Intracellular recordings were made from Mth neurons in acute 'encéphale isole' preparations during low- and high-frequency BP and Mes stimulation. Low-frequency BP stimulation induced short-latency (1-5 msec) EPSPs on Mth neurons, followed by IPSPs which could also appear in isolation. High-frequency BP activation produced mixed excitatory and inhibitory effects. Low-frequency Mes stimulation mainly induced long-latency and long-lasting IPSPs while high-frequency activation blocked spontaneous firing of Mth neurons with or without increase in membrane potential. Similar effect was seen during high-frequency Mth stimulation. DCN stimulation never affected any of the Mth studied neurons. Control experiments have excluded the co-stimulation of spinothalamic and cerebello-rubro-thalamic pathways. Intracellular injection of hyperpolarizing and depolarizing current showed that BP effects were postsynaptic whereas Mes inhibition was due to removal of excitation (i.e., disfacilitation) on Mth neurons. High-frequency BP stimulation induced an increase of cell firing and reduction of the inhibitory phase in the thalamically induced sequences, while Mes activation reduced the EPSPs without apparent changes of IPSPs. Low- and high-frequency Mth stimulation evoked short-latency (1-4 msec) EPSPs on BP and Mes neurons with an increase of firing which was more evident during high-frequency stimulation. Antidromic invasion in some BP and Mes neurons was also found.

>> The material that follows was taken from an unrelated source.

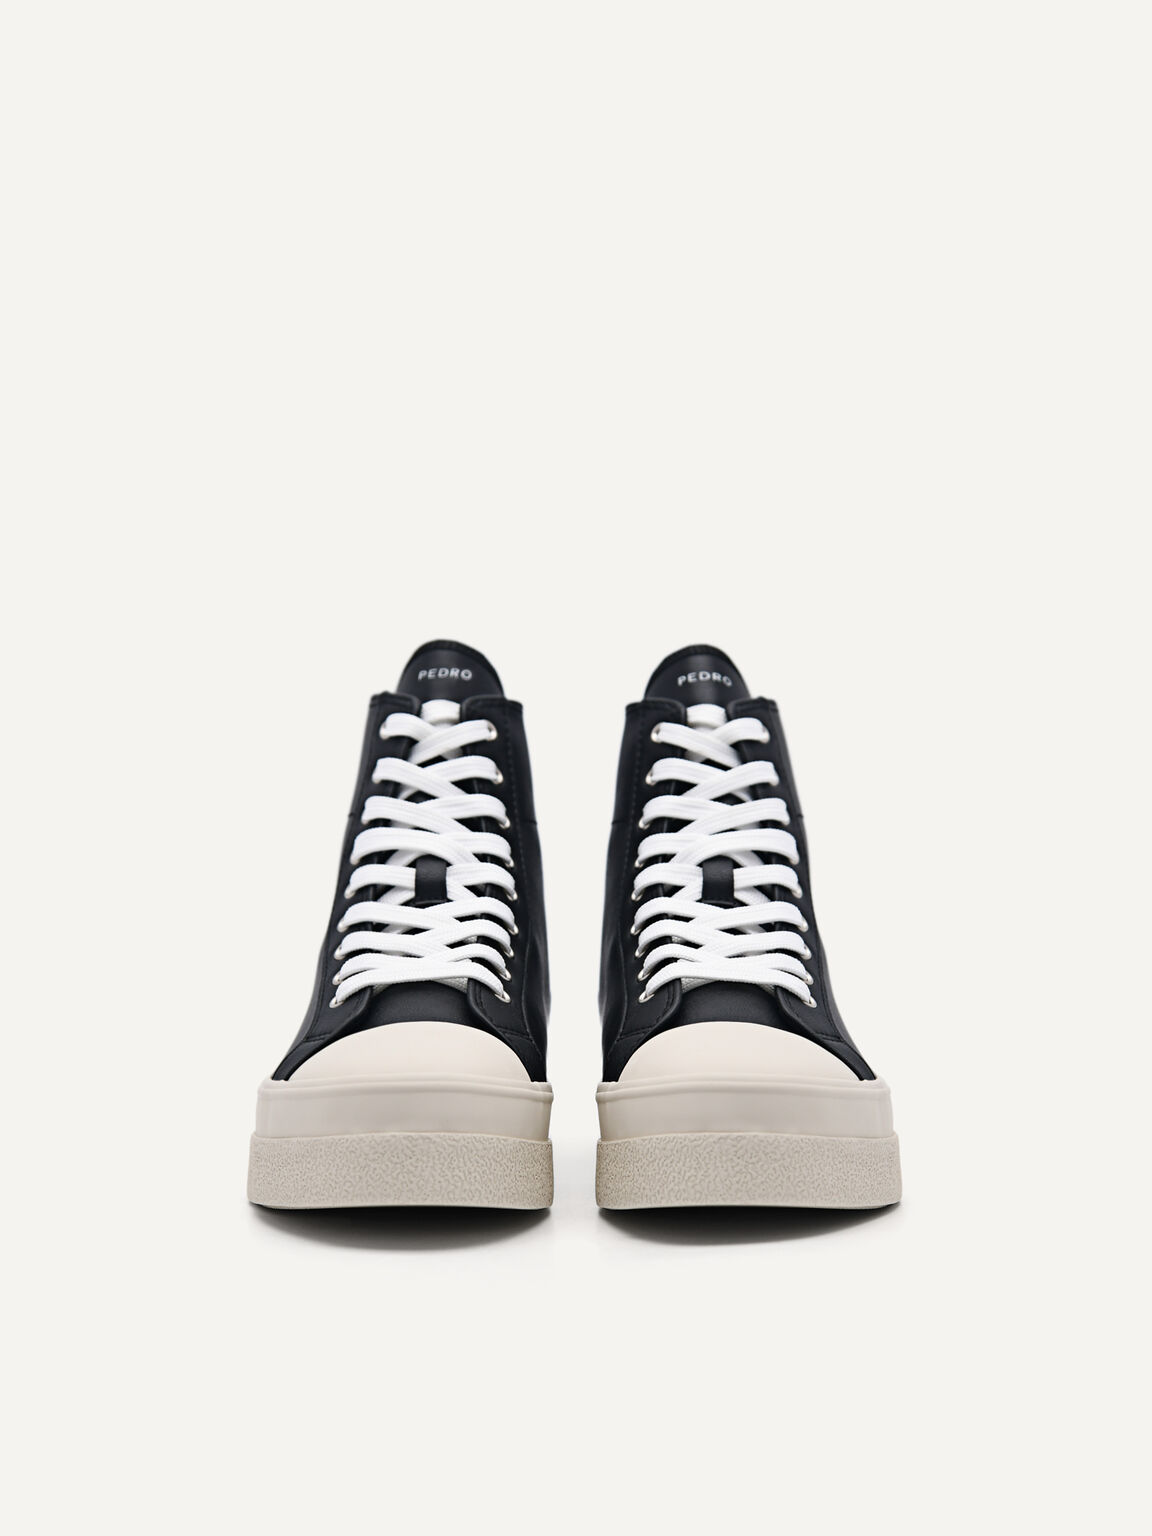 Synthetic Leather High-Cut Sneakers, Black

The results indicate the existence of a reciprocal brain stem-thalamic linkage which is excitatory in the descending, while it is excitatory and inhibitory in the ascending way from BP regions, and mainly disfacilitatory from the midbrain.

Original languageEnglish
Pages (from-to)297-314
Number of pages18
JournalBrain Research
Volume69
Issue number2
DOIs
Publication statusPublished - Apr 5 1974

ASJC Scopus subject areas

  • Developmental Biology
  • Molecular Biology
  • Clinical Neurology
  • Neuroscience(all)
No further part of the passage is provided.